Lo sé muchachos, lo sé. La pesadilla emasculatoria de mi última entrega os ha dejado un poco planchados. Pues arriba el ánimo porque el Rey de la Creación regresa al pedestal del que nunca debió bajarse. Temblad niñatas, Simba ruge de nuevo; hoy conoceréis a Desmond Thane, protagonista de Never come back, el clásico maldito del malogrado John Mair. Muy posiblemente sea el primer antihéroe de la ficción criminal; el más desahogado, sin ninguna duda.

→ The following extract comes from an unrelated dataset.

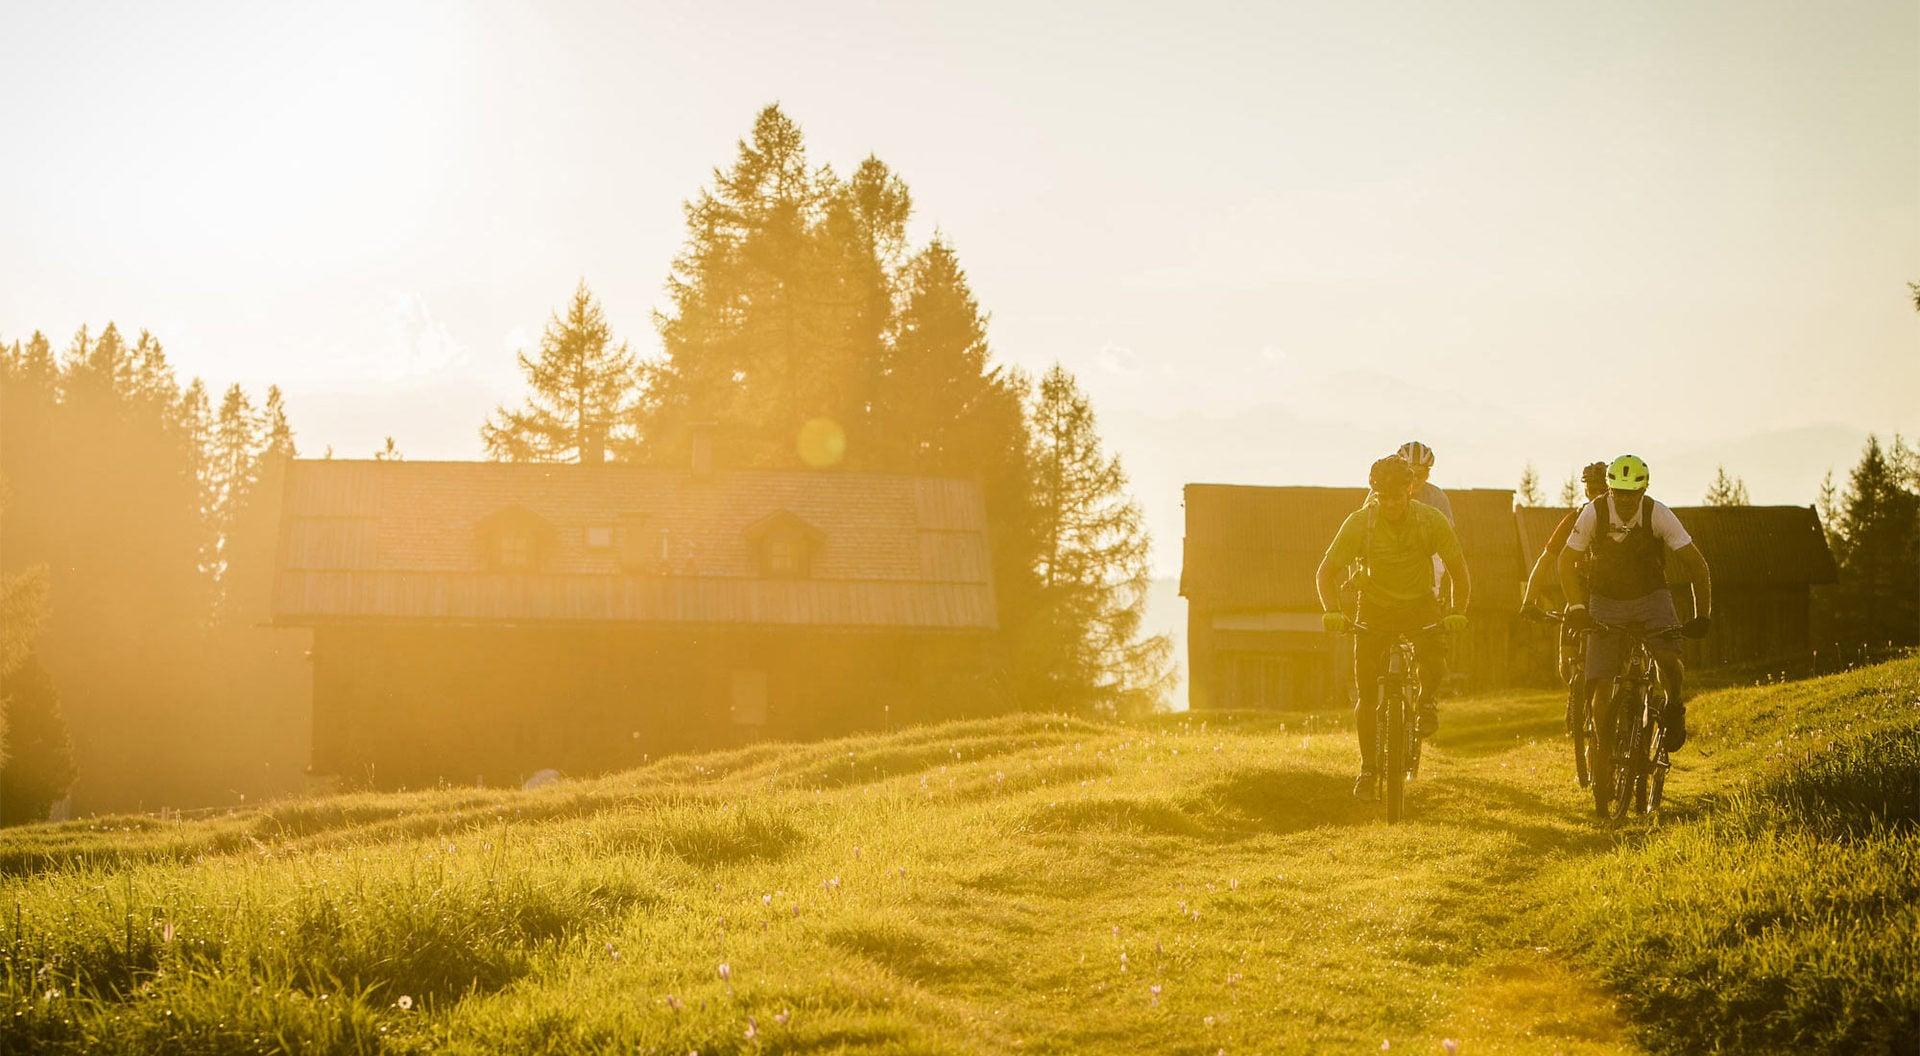 Mountain Biking, Bike Touring or Road Biking?

De cómo enfoca Desmond sus relaciones con el otro sexo os vais a enterar nada más iniciarse el capítulo 1, donde nos lo encontramos averiguando el veneno idóneo para liquidar a Anna Raven, una reciente conquista que empieza a volverse un fastidio. No se lo plantea en serio, por supuesto, pero cuidado: es la pereza, más que la conciencia, lo que lo disuade. Yo sería tan canalla como él si entrara en los pormenores del excéntrico affair entre Anna y Desmond, una de las joyas de la corona de Never come back. Lo único que puedo revelaros es que será el detonante de un lamentable malentendido: una atrabiliaria organización internacional, que intenta aprovecharse del caos de una Europa sumida en la Segunda Guerra Mundial para implementar sus oscuros planes, confunde a Desmond con un espía. Ya sabéis lo que las organizaciones criminales suelen hacer con los espías, y él lo sabe igual de bien; si las piernas le darán para escapar, eso ya es otro cantar.
Introducido de refilón el suculento asunto “Desmond Thane y las mujeres”, tampoco penséis que es un dechado de virtudes con el otro cincuenta por ciento de la población. Si lo describo como un sociópata en potencia a lo mejor me paso un poco; como mínimo es cobarde, metomentodo, fatuo e intrínsecamente amoral: vendería con gusto a su madre (no digamos ya a su país) a sus perseguidores si con ello pudiera poner a salvo su trasero. Tendría que resultarnos odioso, incluso aborrecible… pero no es tan fácil porque gasta tal pico de oro que podría endilgarle un mechero a Satanás. Y como de una manera u otra siempre se las arregla para escabullirse de los líos que le van surgiendo (bien es cierto que para caer de bruces en otros aún más comprometidos), y los de la competencia son todavía peores que él (aunque no sé si por mucho), y Dios qué estilo tiene, terminamos apuntados a su club de fans cuando en buena lógica deberíamos estar reclamando su cabeza. Ahora el reto: ¿qué destino cabría imaginar, que a la vez fuera racional, sorprendente y satisfactorio, para un elemento así? Esperad al final y veréis.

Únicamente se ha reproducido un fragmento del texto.